Федору Филипповичу Свирскому от Сони

  
   Да, милый дядюшка, она будет жить. Говорят, она выпила опию больше, чем нужно, и это ее спасло. Но это все случайности. Как случайность то, что я слышала стук двери в прихожей и что предчувствие беды толкнуло меня к Мане. Но я все-таки опоздала... У судьбы есть, видно, книги, в которую вписано все, что должно свершиться. Так говорит Штейнбах.
   Но смерть была рядом. Мы слышали ее шаги. И это, должно быть, никогда не проходит бесследно для людей.
   Она будет жить.

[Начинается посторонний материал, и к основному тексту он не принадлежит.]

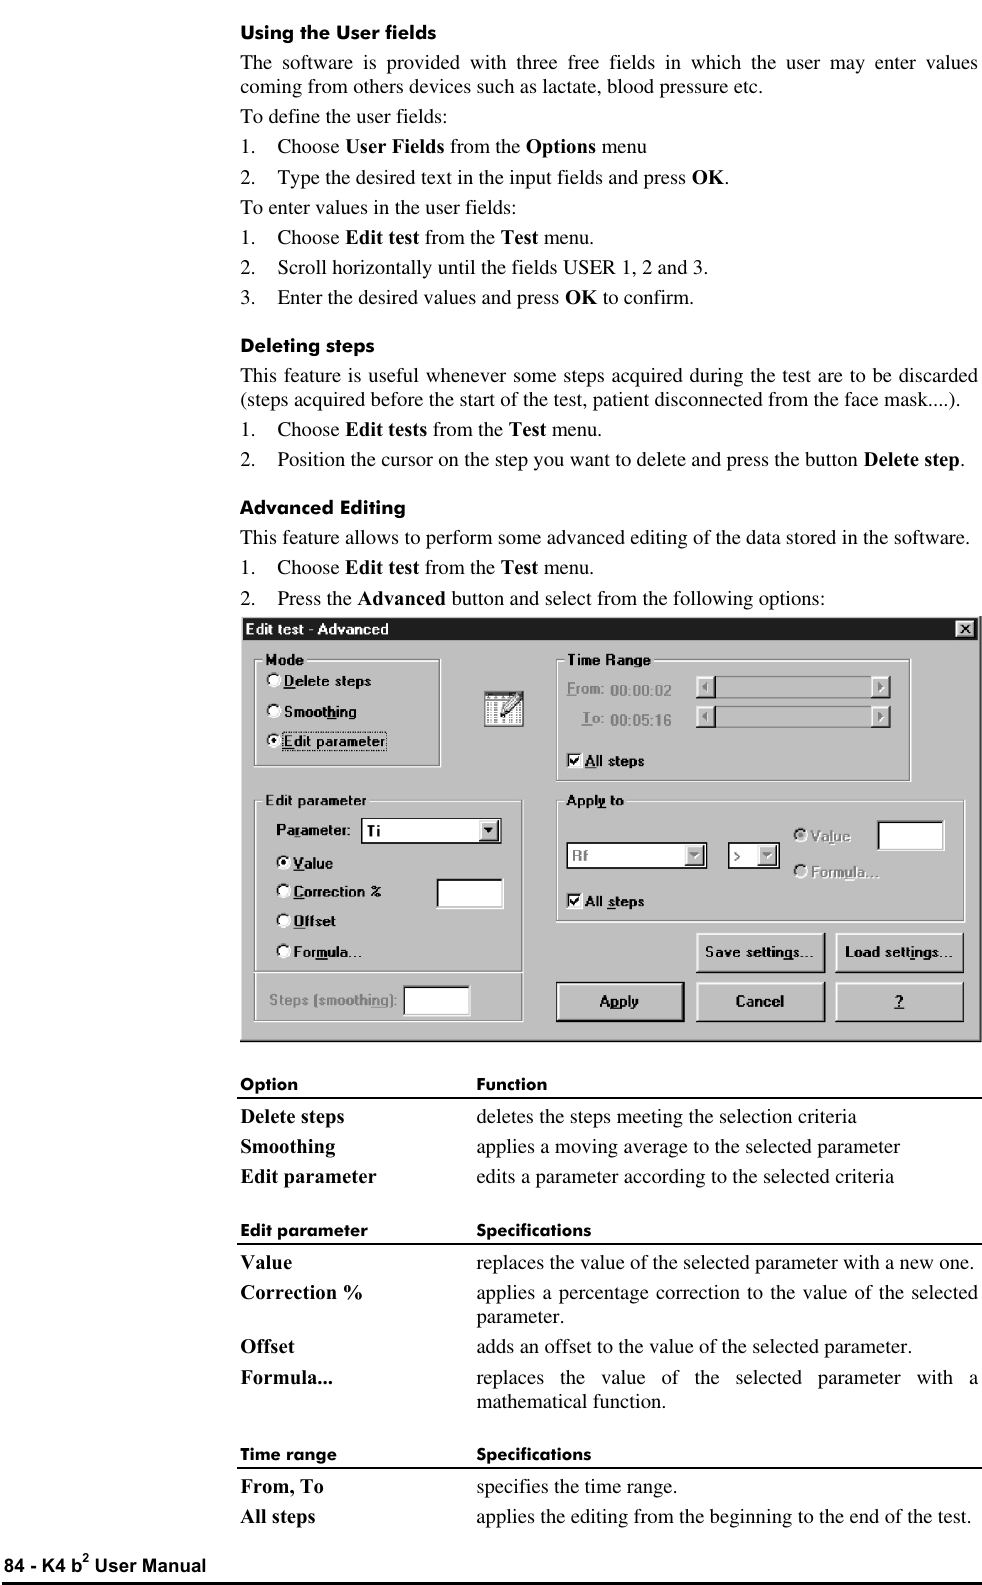  84 - K4 b2 User Manual Using the User fields The software is provided with three free fields in which the user may enter values coming from others devices such as lactate, blood pressure etc. To define the user fields: 1.  Choose User Fields from the Options menu 2. Type the desired text in the input fields and press OK. To enter values in the user fields: 1. Choose Edit test from the Test menu. 2. Scroll horizontally until the fields USER 1, 2 and 3. 3. Enter the desired values and press OK to confirm. Deleting steps This feature is useful whenever some steps acquired during the test are to be discarded (steps acquired before the start of the test, patient disconnected from the face mask....). 1.  Choose Edit tests from the Test menu. 2. Position the cursor on the step you want to delete and press the button Delete step. Advanced Editing This feature allows to perform some advanced editing of the data stored in the software. 1.  Choose Edit test from the Test menu. 2. Press the Advanced button and select from the following options:  Option Function Delete steps deletes the steps meeting the selection criteria Smoothing applies a moving average to the selected parameter Edit parameter edits a parameter according to the selected criteria Edit parameter Specifications Value replaces the value of the selected parameter with a new one. Correction % applies a percentage correction to the value of the selected parameter. Offset adds an offset to the value of the selected parameter. Formula... replaces the value of the selected parameter with a mathematical function. Time range Specifications From, To specifies the time range. All steps applies the editing from the beginning to the end of the test. 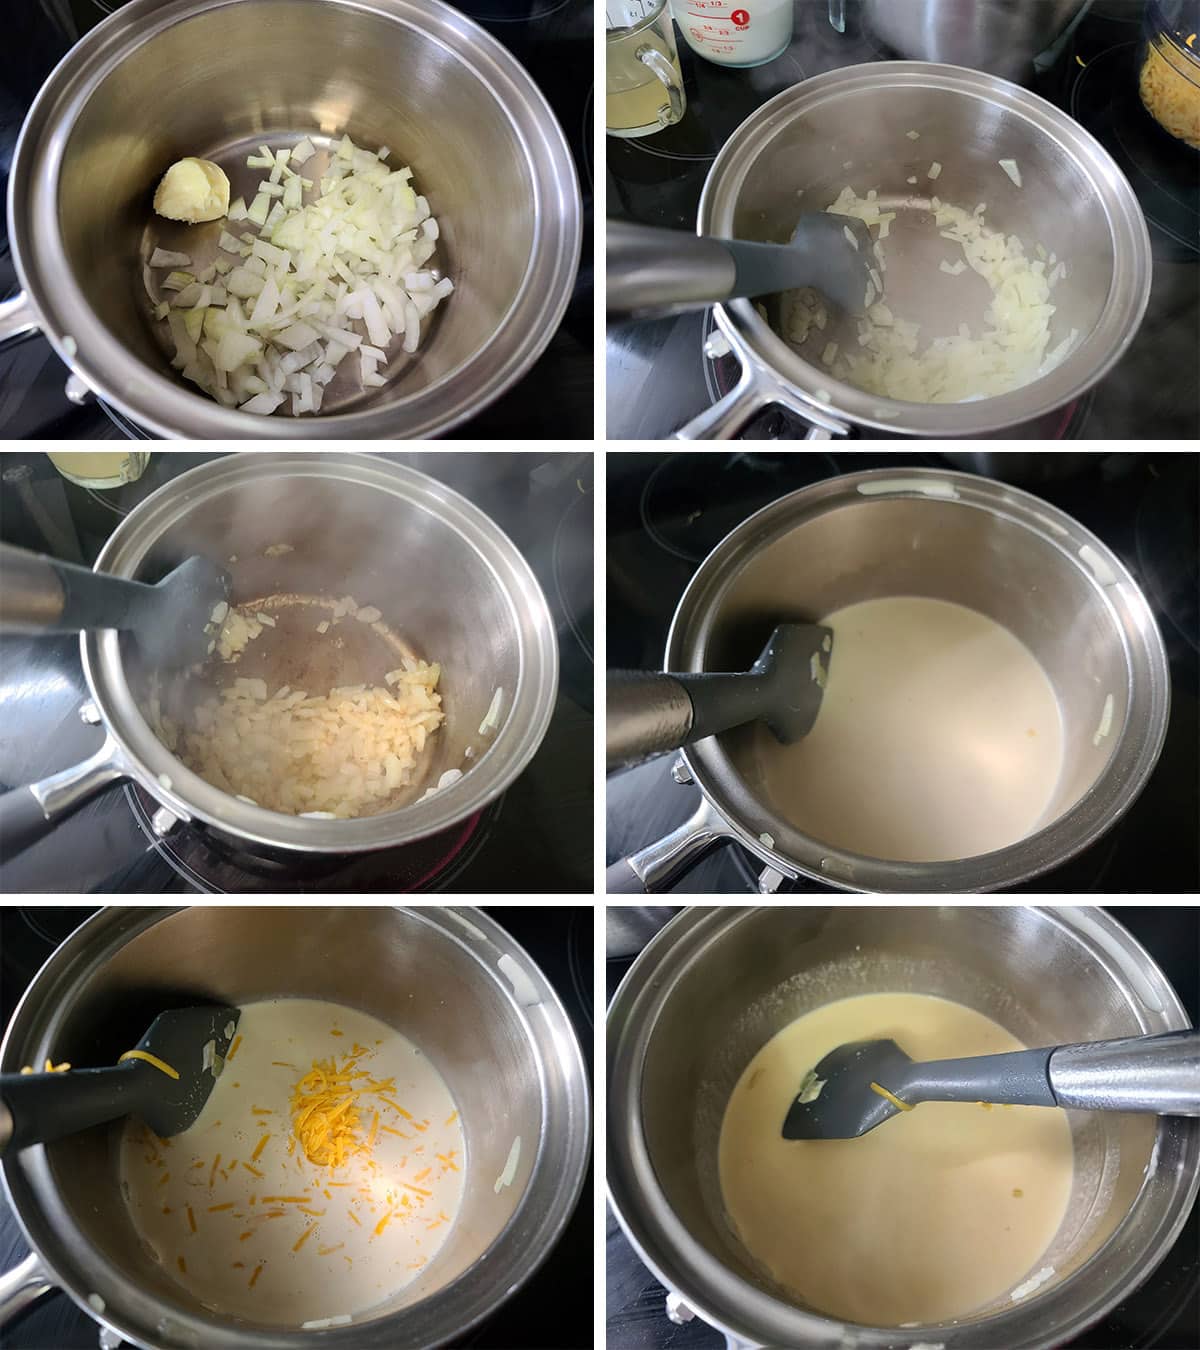 A 6 part image showing the cheese sauce being made.

Я это твержу себе день и ночь. И все чего-то боюсь. И все не могу успокоиться.
   Маня и жизнь. Маня и радость. Да, это понятно. Но как же могла она добровольно отвергнуть эту жизнь, которую так любила? Я спрашиваю всех. Одни говорят: аффект. Другие считают этот поступок началом психоза, проявлением роковой наследственности. Штейнбах сказал: л_ю_б_о_в_ь...
   Он сказал это так странно...
   Нет. Я никогда, должно быть, не умела любить. Мне непонятно, как может весь мир сосредоточиться в о_д_н_о_м лице, в одних глазах? Как можно проглядеть целую жизнь со всеми ее возможностями за презрительной улыбкой, за страданиями ревности? Я сама знаю, что ни один человек не может заменить другого. И что дорого вот именно э_т_о лицо, э_т_о_т голос, э_т_а душа. Но чтобы из-за несчастной любви забыть мечты? Изменить цели? Отвернуться от людей? Для меня любить - вдохновение. Я думаю так: буду учиться. Потом буду работать. Отдам людям душу и жизнь. И среди работы, когда устану, буду мечтать о встрече. Потом, когда она наступит, взгляну в глаза, которые люблю, и засмеюсь от счастья. Это будет моя награда. Мой отдых.
   И что мне до того, что эти глаза глядят со страстью на другую? Что тот, кого я люблю, не видит во мне женщину? Разве это счастье не священно для меня? Разве л_ю_б_и_т_ь - это не есть само по себе счастье?
   Я знаю, что вы скажете: "У тебя нет темперамента... У Мани он был. У Нелидова тоже. И если это он толкает нас на гибель или низость - то благословляю свою судьбу.
  
   P. S. Петр Сергеевич говорит, что яд она достала в его собственном шкафу, который он забыл запереть. Достала за неделю до приезда Нелидова. Этот поступок бил обдуман ею и решен бесповоротно. И это страшнее и загадочнее всего.
   Дядюшка, когда же мы научимся любить иначе? Когда любовь перестанет бить для нас проклятьем?
  

Федору Филипповичу Свирскому от Сони

  

Hоябрь

   Простите, дядюшка. Я долго не писала вам. Я даже курсы забросила. Скажите Лике, чтобы не сердилась. Я не берусь сейчас исполнить ее поручения. Я все еще чувствую прикосновение ледяных пальцев к моей душе. И в ней умирает что-то. Может бить, ценное. А может, и отжившее. Сейчас не могу судить. Вне этих вопросов - любви и смерти - все кажется мне ничтожным.
   Милый дядюшка, сказать вам, о чем я думаю?
   Это било ночью, когда смерть стояла рядом... И мне почему-то кажется, что Маня тоже почувствовала ее около. И, объятая тоской и ужасом, она позвала того, кто любил ее так беззаветно. Как будто любовь его могла вырвать ее из вечного Мрака, куда она уже погружалась.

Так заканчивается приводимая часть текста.